Когда Красная армия разгромила эсесовскую дивизию в предгорьях Карпат, отец Леонтий бежал в горы к оуновцам, чтобы вдохновлять их на новые подвиги словом Божьим. Иезуитский девиз «Цель оправдывает средства» отец Леонтий считал верхом справедливости. Сочтя оуновскую тактику откровенно лобовой, он высказал свое мнение о ней атаману, который расценил слова иезуита как приказ. Войдя в бункер Резуна, отец Леонтий догадался, что речь здесь шла о нем. Пристальный взгляд его глубоко посаженных немигающих глаз остановился на начальнике СБ. Иезуит, не терпящий возражений, прекрасно знал, что безбожник Крыса относится к нему с иронией, но сумел погасить злобу, смиренно опустив глаза.

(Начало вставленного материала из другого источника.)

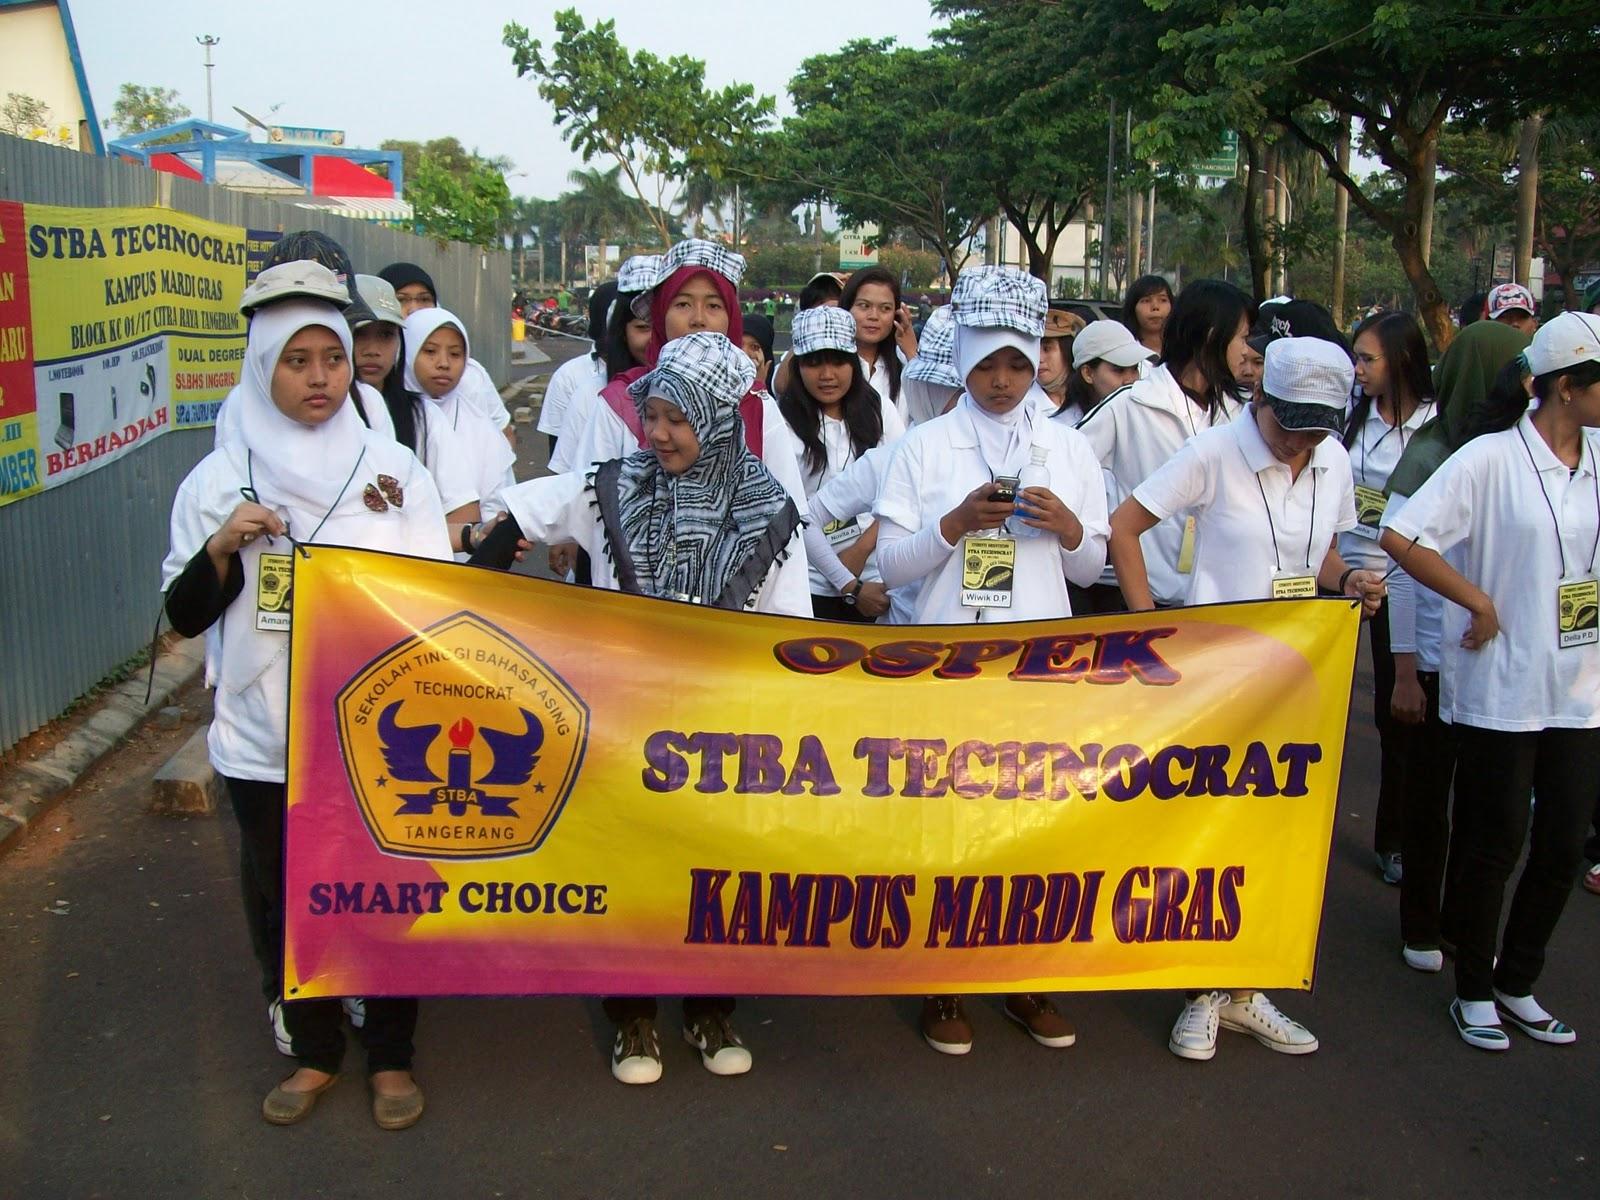 Kegiatan Kampus Stba Technocrat Kampus Mardi Gras

– Простите за вторжение, дети мои. Мысль о ближних не дает мне покоя. Доколе на Земле будет литься кровь? Вопли и стенания, раздающиеся отовсюду, достигают ушей Господа нашего.
– Вряд ли, – усмехнулся Крыса. – Вряд ли Господь их слышит. Может, уши у него шерстью заросли? Как полагаете, святой отец?
Резун недовольно хмыкнул. Зачем ссориться с монахом? Иезуиты всемогущи. А этот знаком с самим Бандерой и прочей верхушкой националистов. Отец Леонтий пропустил такое богохульство мимо ушей, продолжая невозмутимо перебирать четки, однако заметил, что такие методы борьбы с коммунистами большой пользы великому делу национализма не принесут. Вульгарное истребление людей проблему не решит. Но Крыса не унимался: бесцеремонно перебив священника, он напомнил ему об указаниях рейхсканцлера Третьего рейха: «Мы же союзники!» Иезуит же стоял на своем: у немцев свои великие цели, а у бандеровцев – свои, более скромные.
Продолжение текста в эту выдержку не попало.